Part I, Lots to Consider:
In All Things Considered, Brad Smith, founder of the Institute for Free Speech, discusses with the WSJ’s Kimberley Strassel thorny issues facing America today. Among overhyped and undercovered topics:
• What does the First Amendment actually cover?
• What are the limits to free speech?
• Should the federal government have any role moderating media comments, and where does the legal system stand on that question?
• How corrosive is “cancel culture” to our broader free-speech tradition?
Kimberley Strassel starts the conversation by recognizing how impassioned debate about free speech deserves some understanding and allowing for broad distinctions. Some individuals really despised Charlie Kirk and came out saying ugly things about him. Following that, after employees got whiff of those ugly things, they disciplined of fired the provokers.

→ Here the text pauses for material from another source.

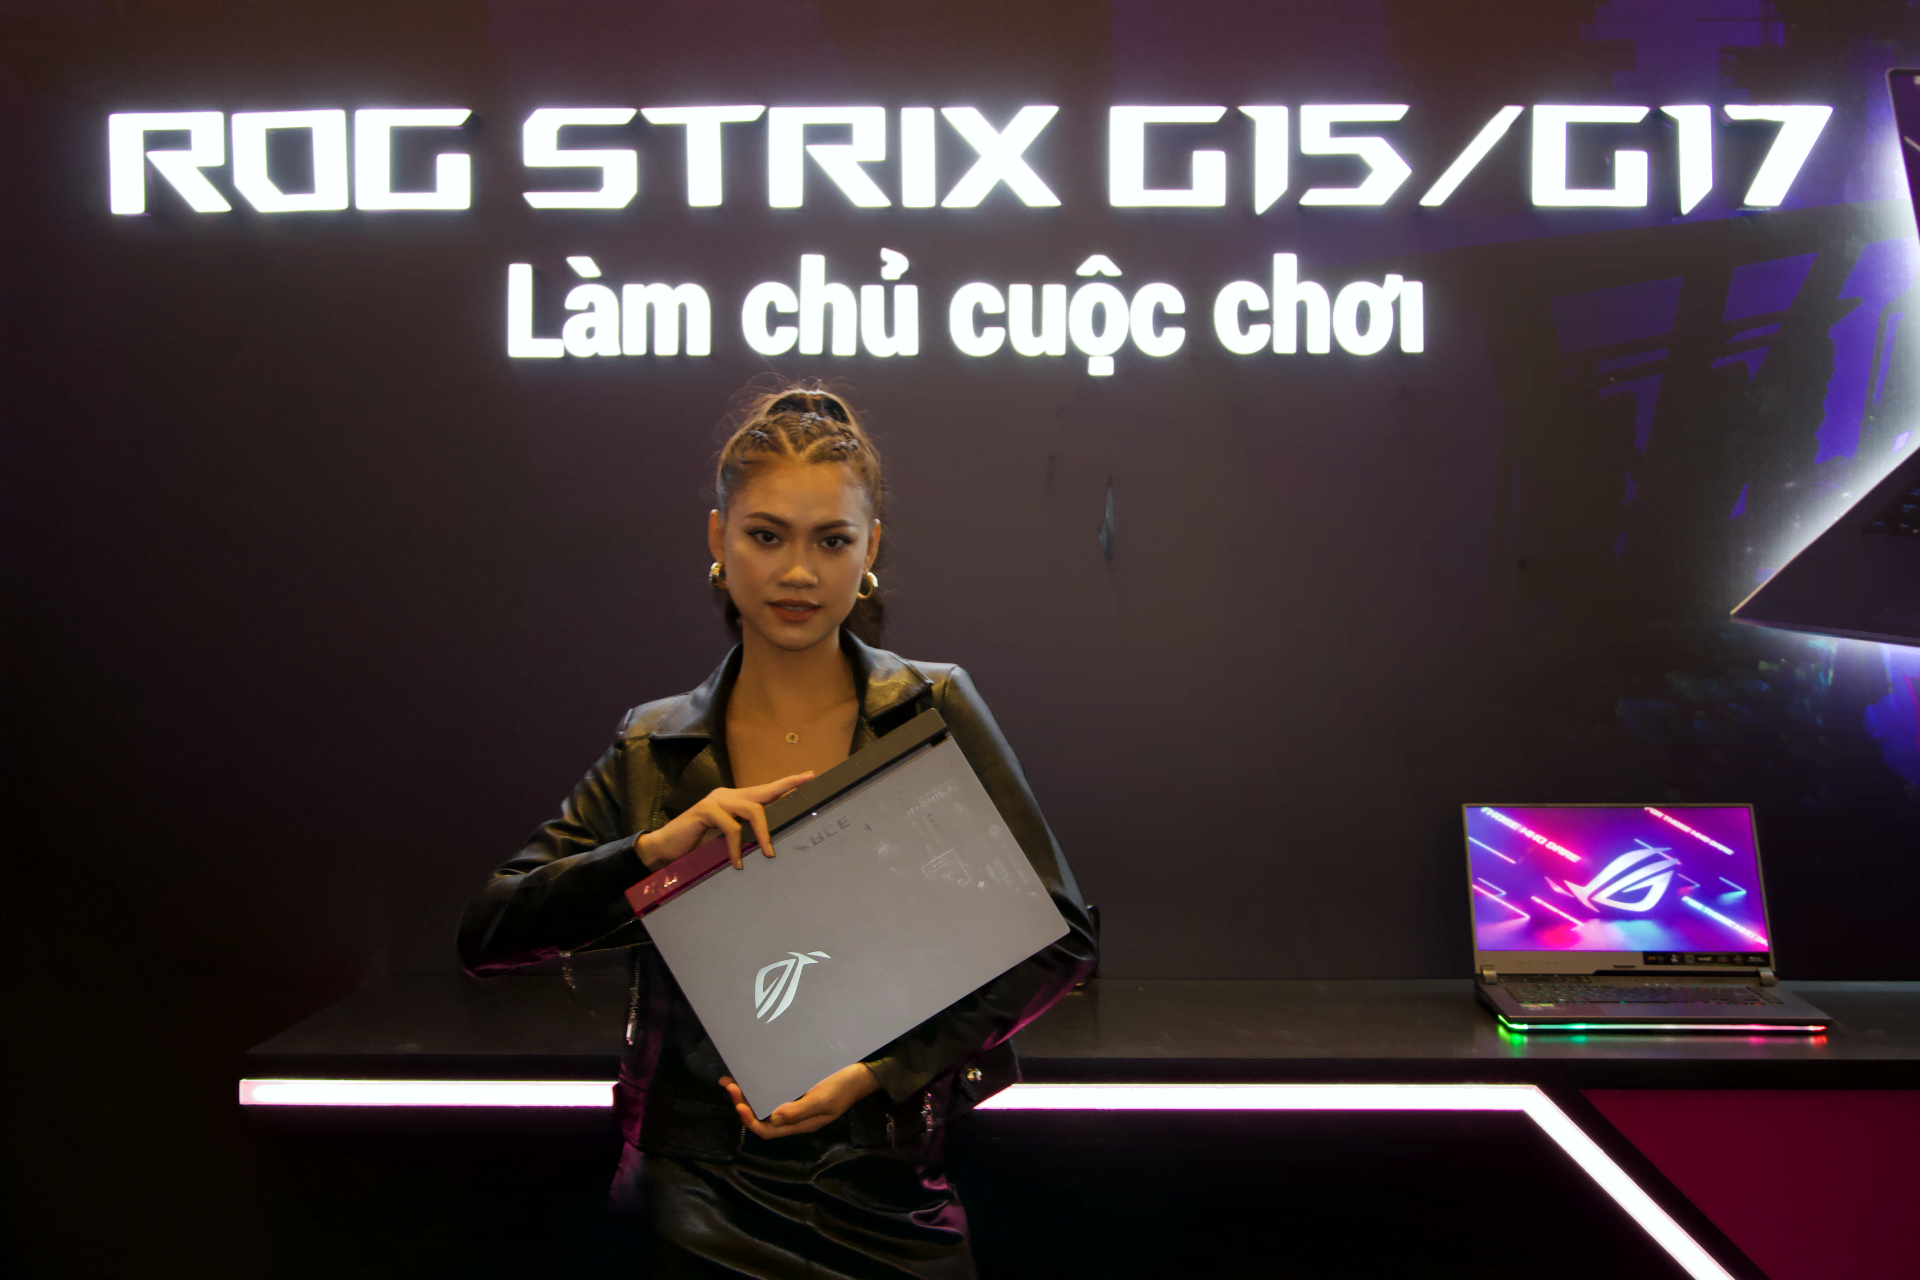 [PR] ASUS ROG công bố loạt sản phẩm laptop mới nền tảng AMD Ryzen 6000 Series tại thị trường Việt Nam - Image 13

Next came the hue and cry that 1st Amendment rights were being violated. Strassel wants to walk through this with Brad Smith. Strassel suspects that most people understand that a person does not necessarily have an unfettered right to say anything they want in any context. The 1st Amendment actually addresses the rights of citizens with relation to their government,” she emphasizes.
And while there are some laws and restrictions on employers, employers in many situations can fire employees at will for many types of speech. Can you, Brad, walk us through some of that?
Brad Smith acknowledges the good points brought up by Strassel. “The First Amendment applies against the government, so the federal government can’t censor your speech, with a handful of exceptions. The federal government can’t order you to say certain things, with perhaps a small number of exceptions”, clarifies Smith.
On the other hand, as Smith notes, the 1st does not apply to private actors. … if you go into your place of employment and you announce that you’re a MAGA supporter or you’re a MAGA hater and your employer disagrees, he can say, “Well, I’m not going to have you here.” The employee can fire you, terminate your employment. That is constitutional. It’s not a violation of your 1st Amendment rights.
Smith also brings up a couple of kickers, one of which is relevant to some of this debate: the government cannot do indirectly what it can’t do directly. If directly doesn’t work, then indirectly also doesn’t work.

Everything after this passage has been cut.